Data section:
┏━━

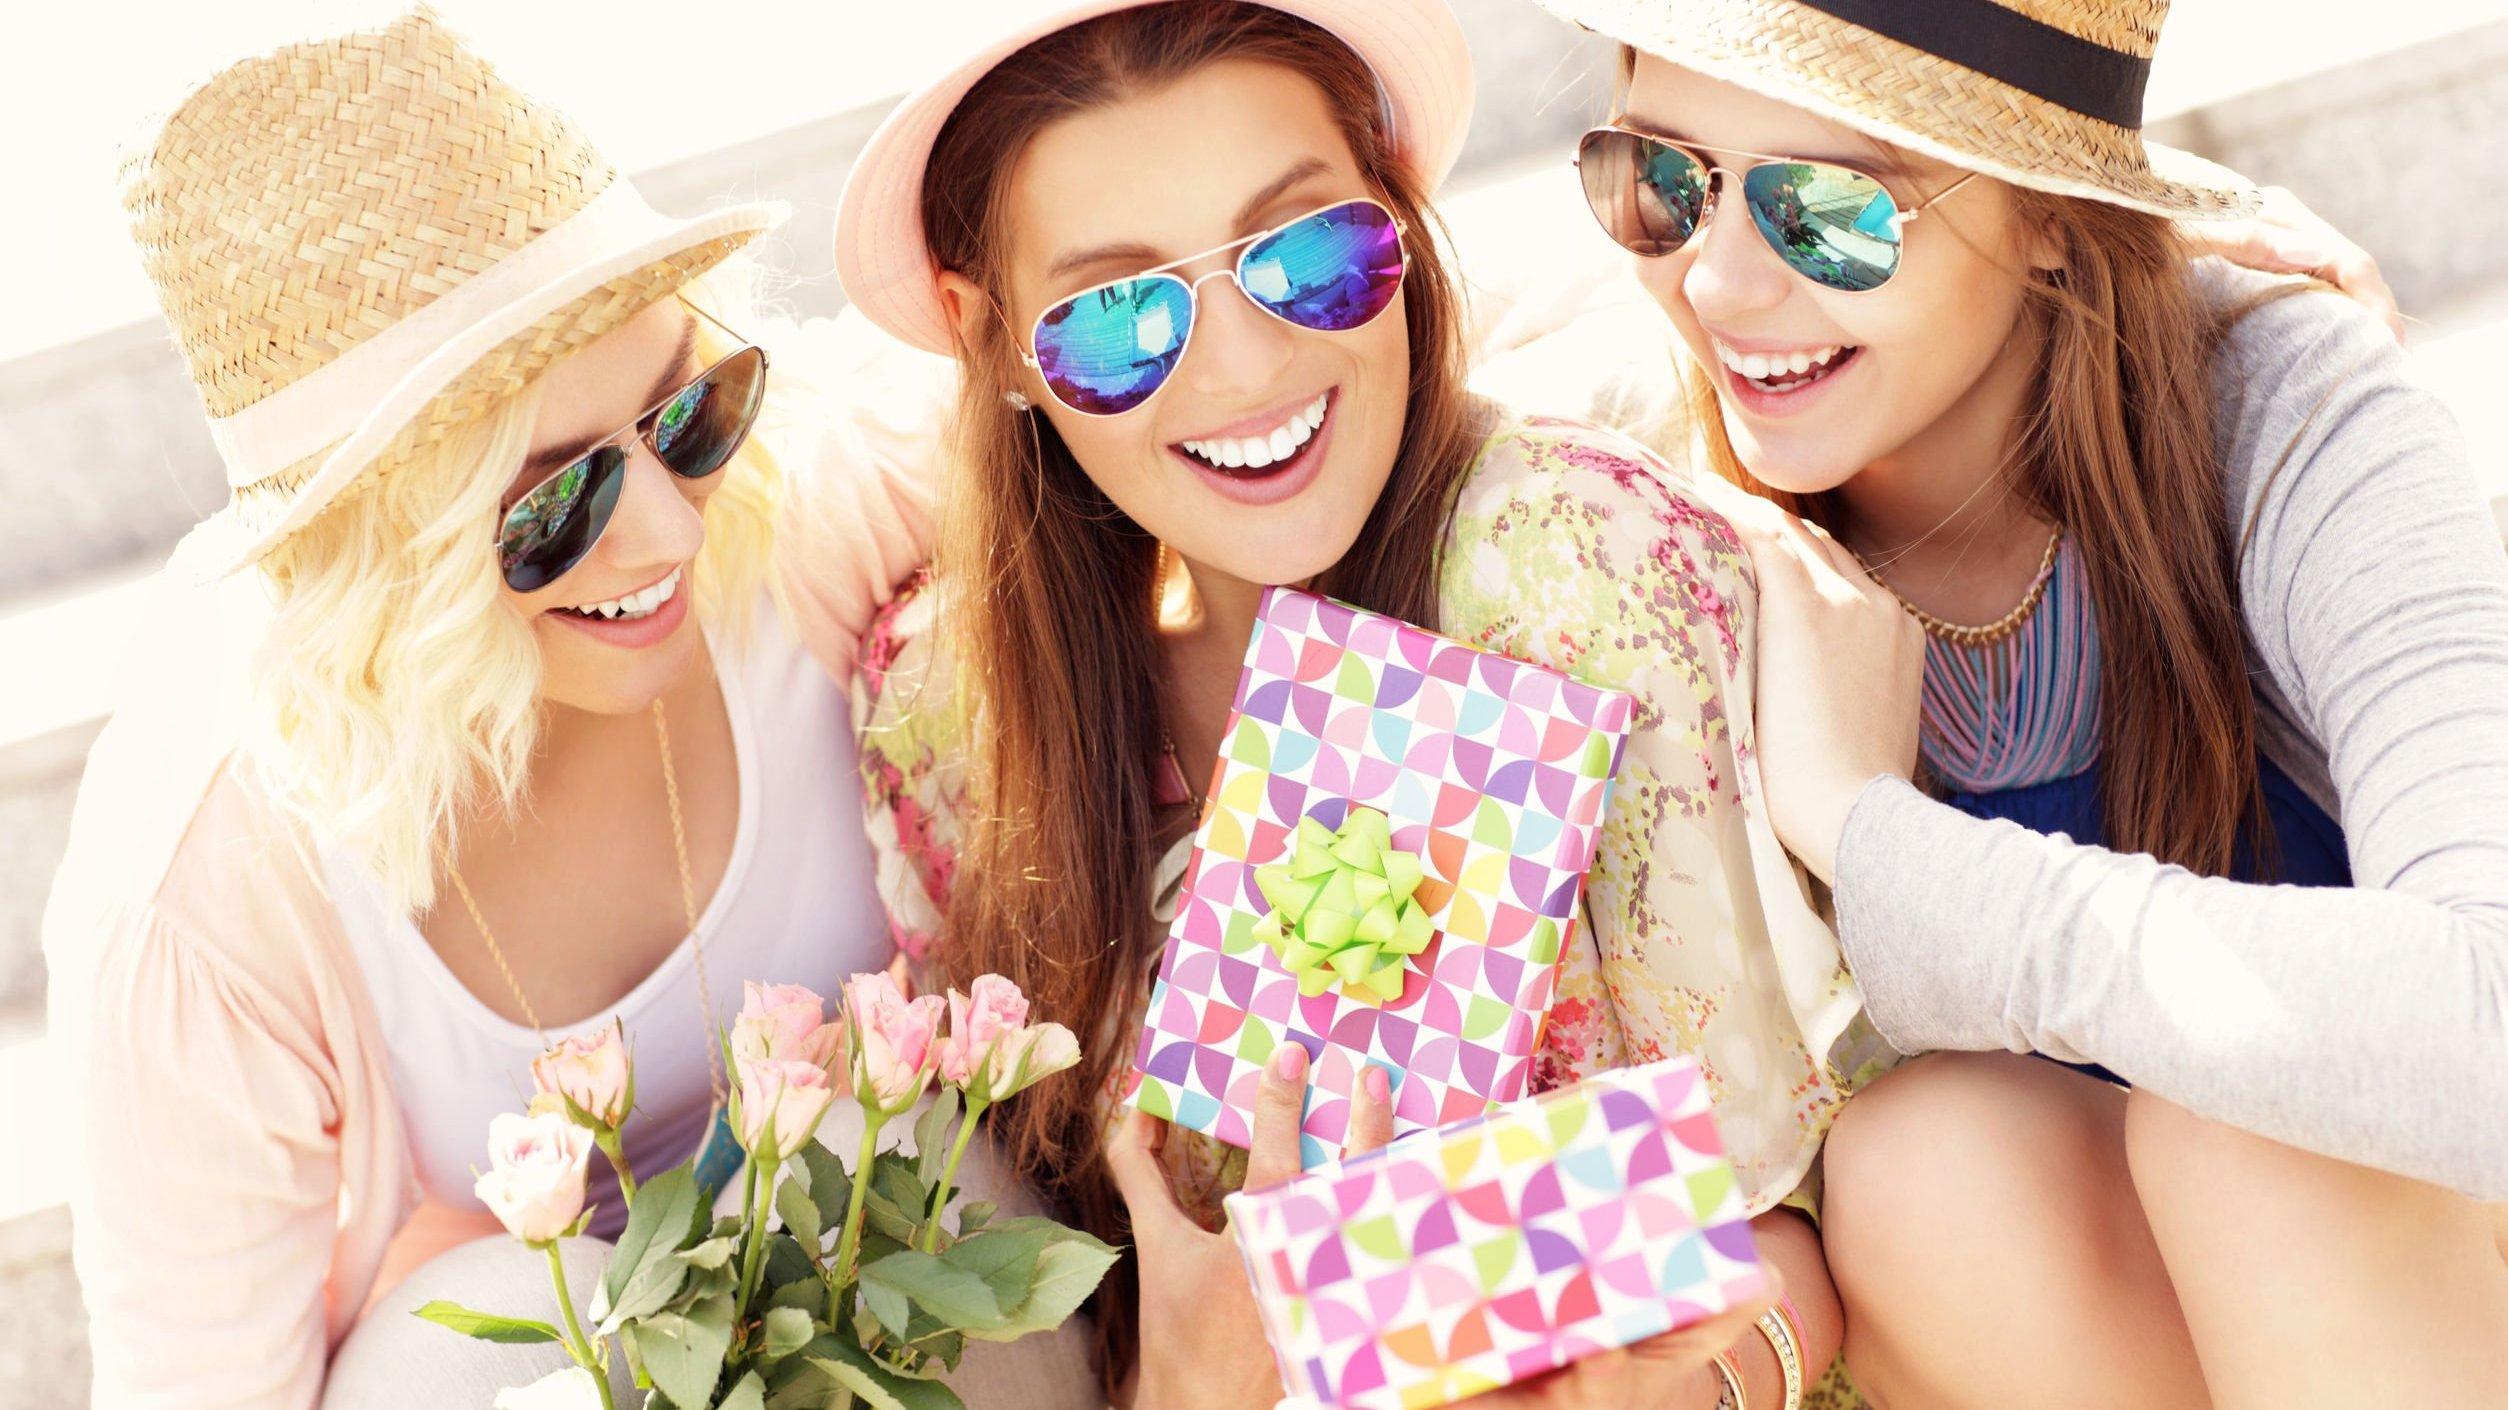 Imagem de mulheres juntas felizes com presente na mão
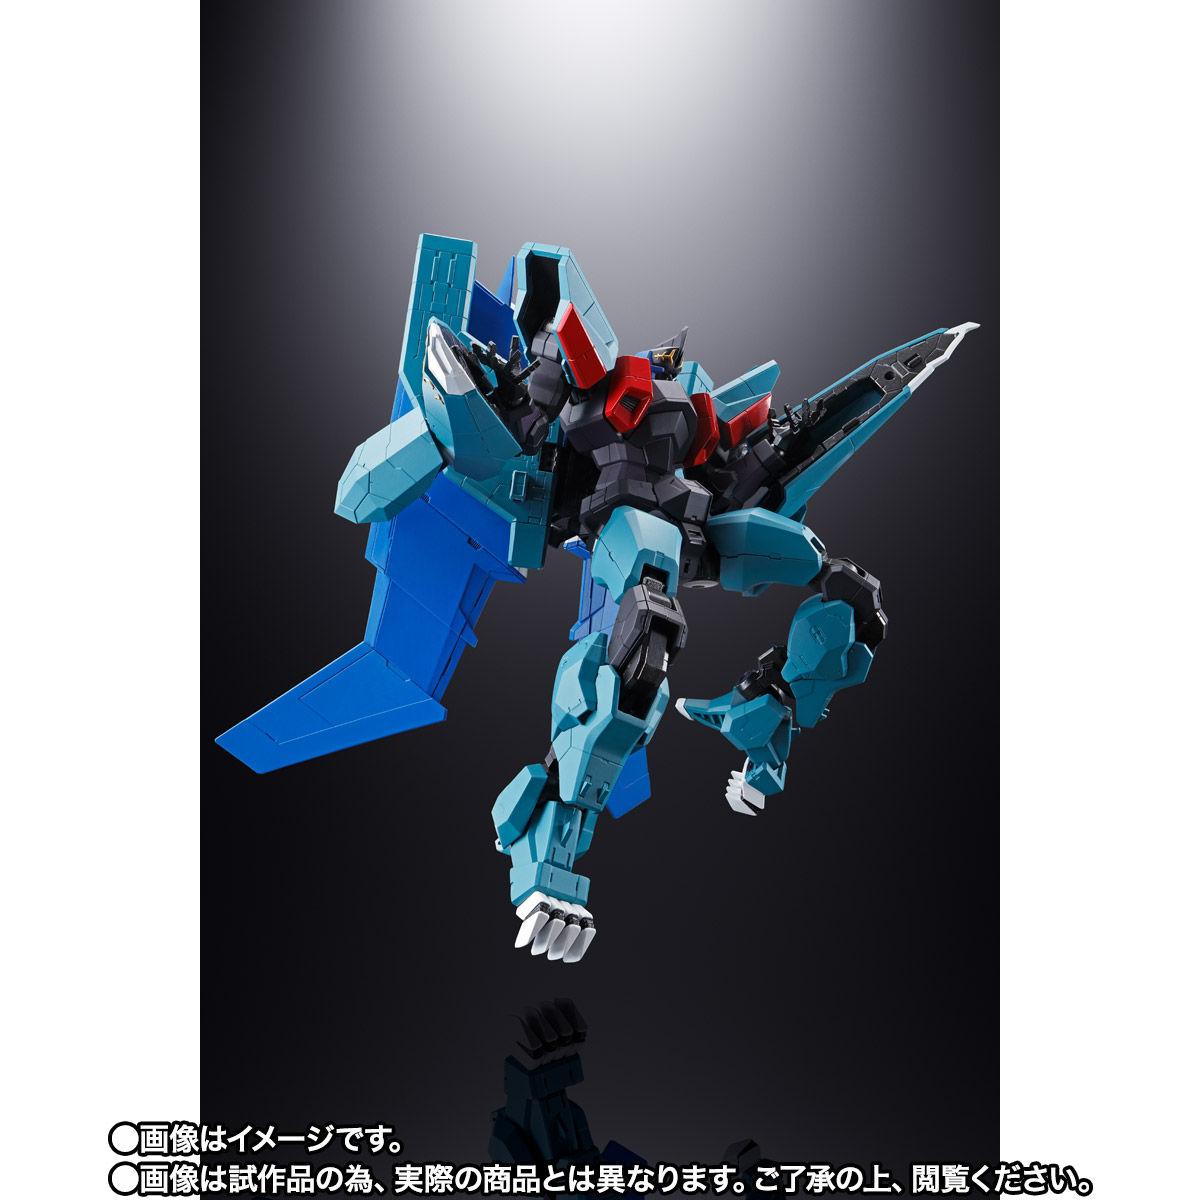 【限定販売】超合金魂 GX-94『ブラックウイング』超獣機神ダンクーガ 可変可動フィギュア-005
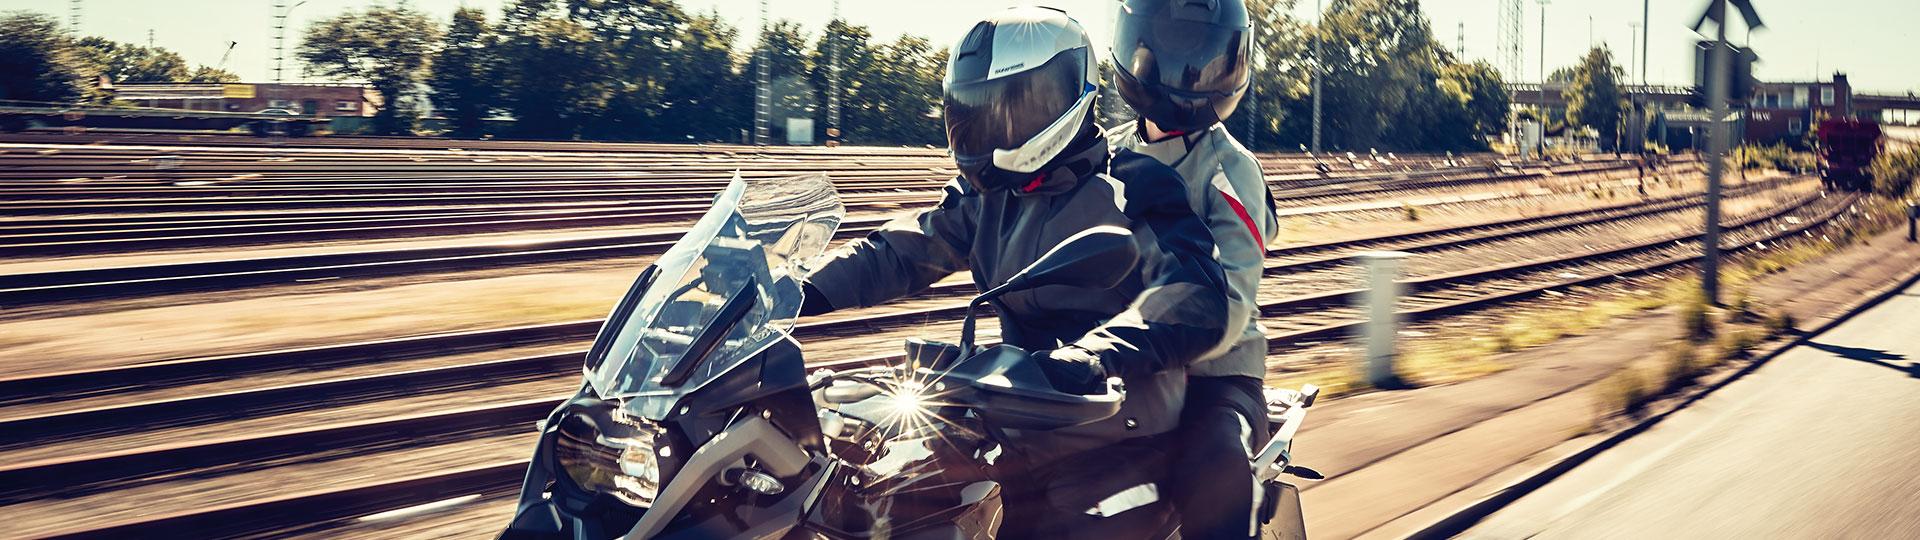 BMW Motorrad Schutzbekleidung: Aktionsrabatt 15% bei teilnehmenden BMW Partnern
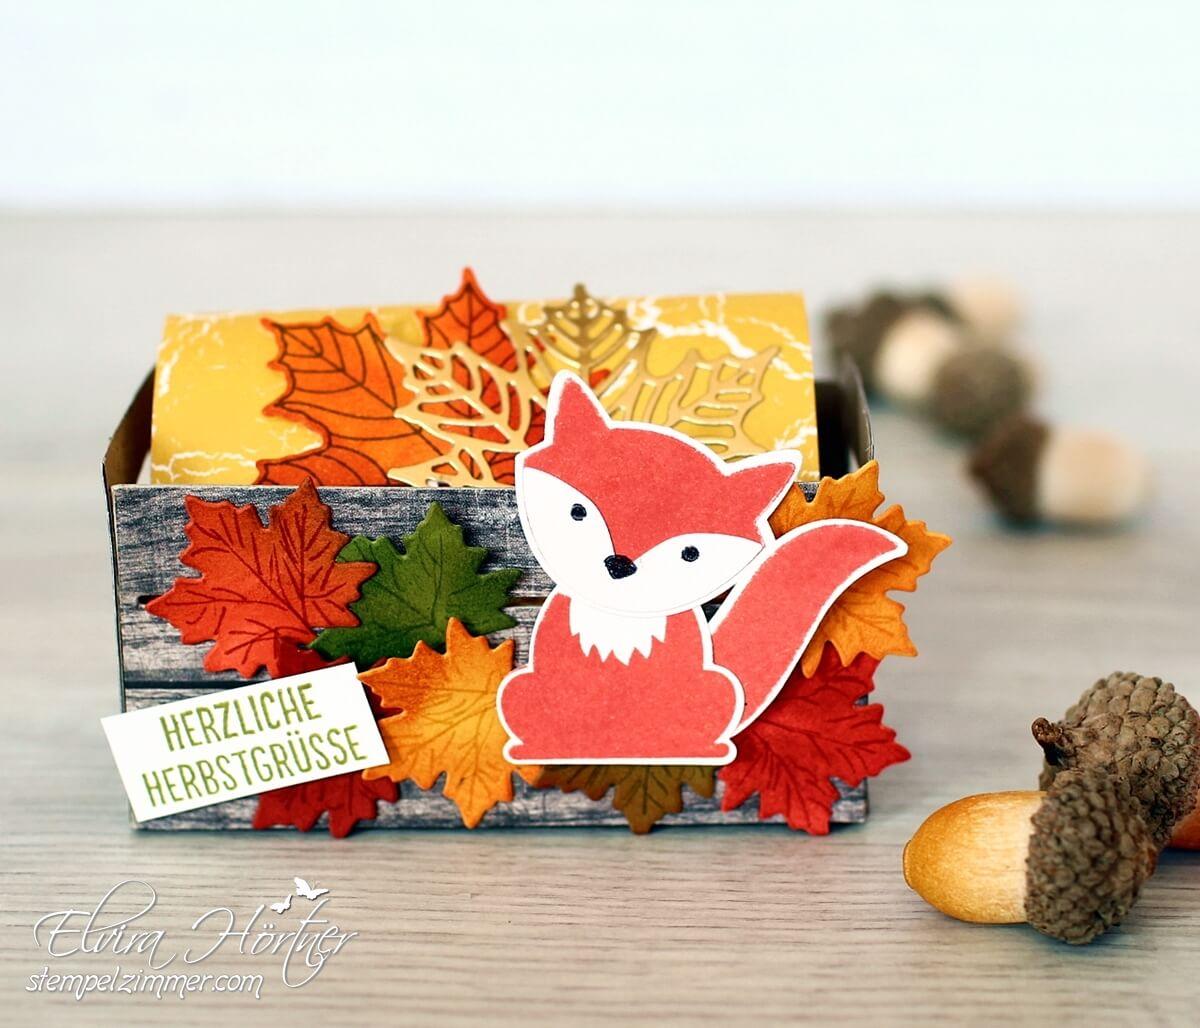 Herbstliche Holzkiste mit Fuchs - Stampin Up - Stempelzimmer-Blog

┗━━

Work request:
Each line above should be written out again exactly, without any image.

Reply to the task:
 Imagem de mulheres juntas felizes com presente na mão
 【限定販売】超合金魂 GX-94『ブラックウイング』超獣機神ダンクーガ 可変可動フィギュア-005
 BMW Motorrad Schutzbekleidung: Aktionsrabatt 15% bei teilnehmenden BMW Partnern
 Herbstliche Holzkiste mit Fuchs - Stampin Up - Stempelzimmer-Blog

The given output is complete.